Exercise 3: Visualizing Training Data
Contents
Exercise 3: Visualizing Training Data#
You’ll need to run the Unpack.ipynb notebook before this one!
Setup#
from pyiron import Project
import matplotlib.pyplot as plt
import numpy as np
import seaborn as sns
plt.rc('figure', figsize=(16,8))
plt.rc('font', size=18)
pr = Project('training')
pr.job_table()
id | status | chemicalformula | job | subjob | projectpath | project | timestart | timestop | totalcputime | computer | hamilton | hamversion | parentid | masterid | |
---|---|---|---|---|---|---|---|---|---|---|---|---|---|---|---|
2 | 17168587 | finished | None | full | /full | /cmmc/u/ | zora/pyiron/projects/2022/POTENTIALS/TutorialNotebooks/workshop_preparation/introduction/training/ | 2022-06-03 00:02:34.816533 | None | None | zora@cmti001#1 | TrainingContainer | 0.4 | None | None |
0 | 17168588 | finished | None | basic | /basic | /cmmc/u/ | zora/pyiron/projects/2022/POTENTIALS/TutorialNotebooks/workshop_preparation/introduction/training/ | 2022-06-03 00:02:47.281055 | None | None | zora@cmti001#1 | TrainingContainer | 0.4 | None | None |
1 | 17168589 | finished | None | Al_basic_atomicrex | /Al_basic_atomicrex | /cmmc/u/ | zora/pyiron/projects/2022/POTENTIALS/TutorialNotebooks/workshop_preparation/introduction/training/ | 2022-06-03 00:02:48.226369 | None | None | zora@cmti001#1 | TrainingContainer | 0.4 | None | None |
Loading Container#
container = pr.load('basic')
Some Predefined Plots#
Cell Information#
container.plot.cell();
Cell Symmetries#
container.plot.spacegroups();
E-V Curves#
container.plot.energy_volume();
Custom Plots from Data#
df = container.to_pandas()
E-V by Concentration#
df['concentration'] = df.atoms.map(lambda s: (s.get_chemical_symbols()=='Li').mean())
df['energy_atom'] = (df.energy / df.number_of_atoms)
df['volume_atom'] = df.atoms.map(lambda s: s.get_volume(per_atom=True))
sns.scatterplot(
data=df,
x='volume_atom',
y='energy_atom',
hue='concentration'
)
plt.xlabel(r'Atomic Volume [$\mathrm{\AA}^3$/atom')
plt.ylabel(r'Atomic Energy [eV/atom]')
plt.legend(title='Li')
<matplotlib.legend.Legend at 0x1502c1833a60>
Convex Hull#
First find the equilibrium energy at the terminal concentrations.

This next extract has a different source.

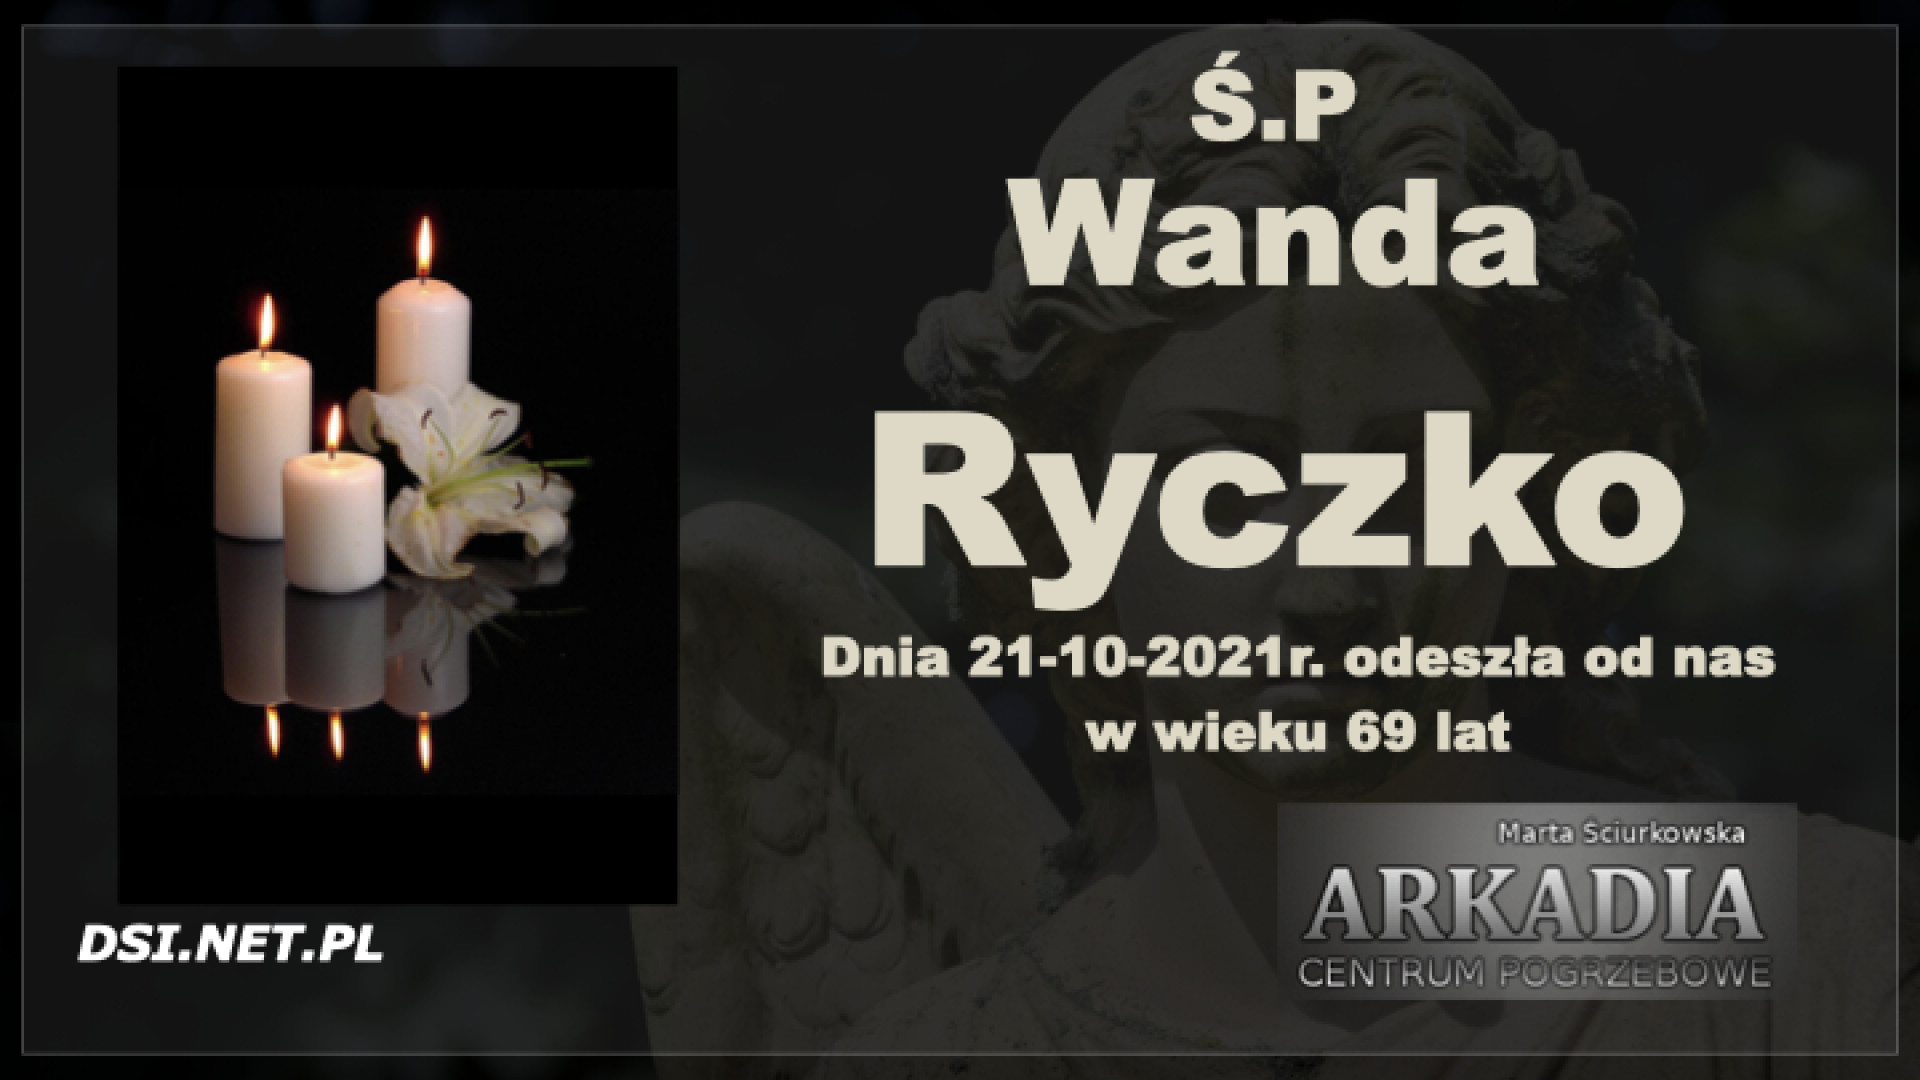 Ś.P. Wanda Ryczko

e_min_al = df.query('concentration == 0').energy_atom.min()
e_min_li = df.query('concentration == 1').energy_atom.min()
print(e_min_al, e_min_li)
-3.4827513025 -1.757035875
Next calculate the deviation to the “ideal” mixing enthalpy
\[
e(c_\mathrm{Li}) = e_\mathrm{Al} + c_\mathrm{Li} (e_\mathrm{Li} - e_\mathrm{Al})
\]
and call that the energy excess, where \(e\) are the per atom equilibrium energies of the pure phases.
df['energy_atom_excess'] = df.energy_atom - df.concentration * (e_min_li - e_min_al) - e_min_al
sns.lineplot(data=df,
marker='o',
x='concentration', y='energy_atom_excess',
estimator=np.min)
plt.scatter(df.concentration, df.energy_atom_excess, marker='.')
plt.ylim(df.energy_atom_excess.min() * 1.2, .4)
plt.xlabel('Li concentration')
plt.ylabel('Excess Energy [eV/atom]')
Text(0, 0.5, 'Excess Energy [eV/atom]')
Extra Credit#
Plot the energy against smallest nearest neighbor distance in a structure. You can get the neighbor information with the get_neighbor method on a structure.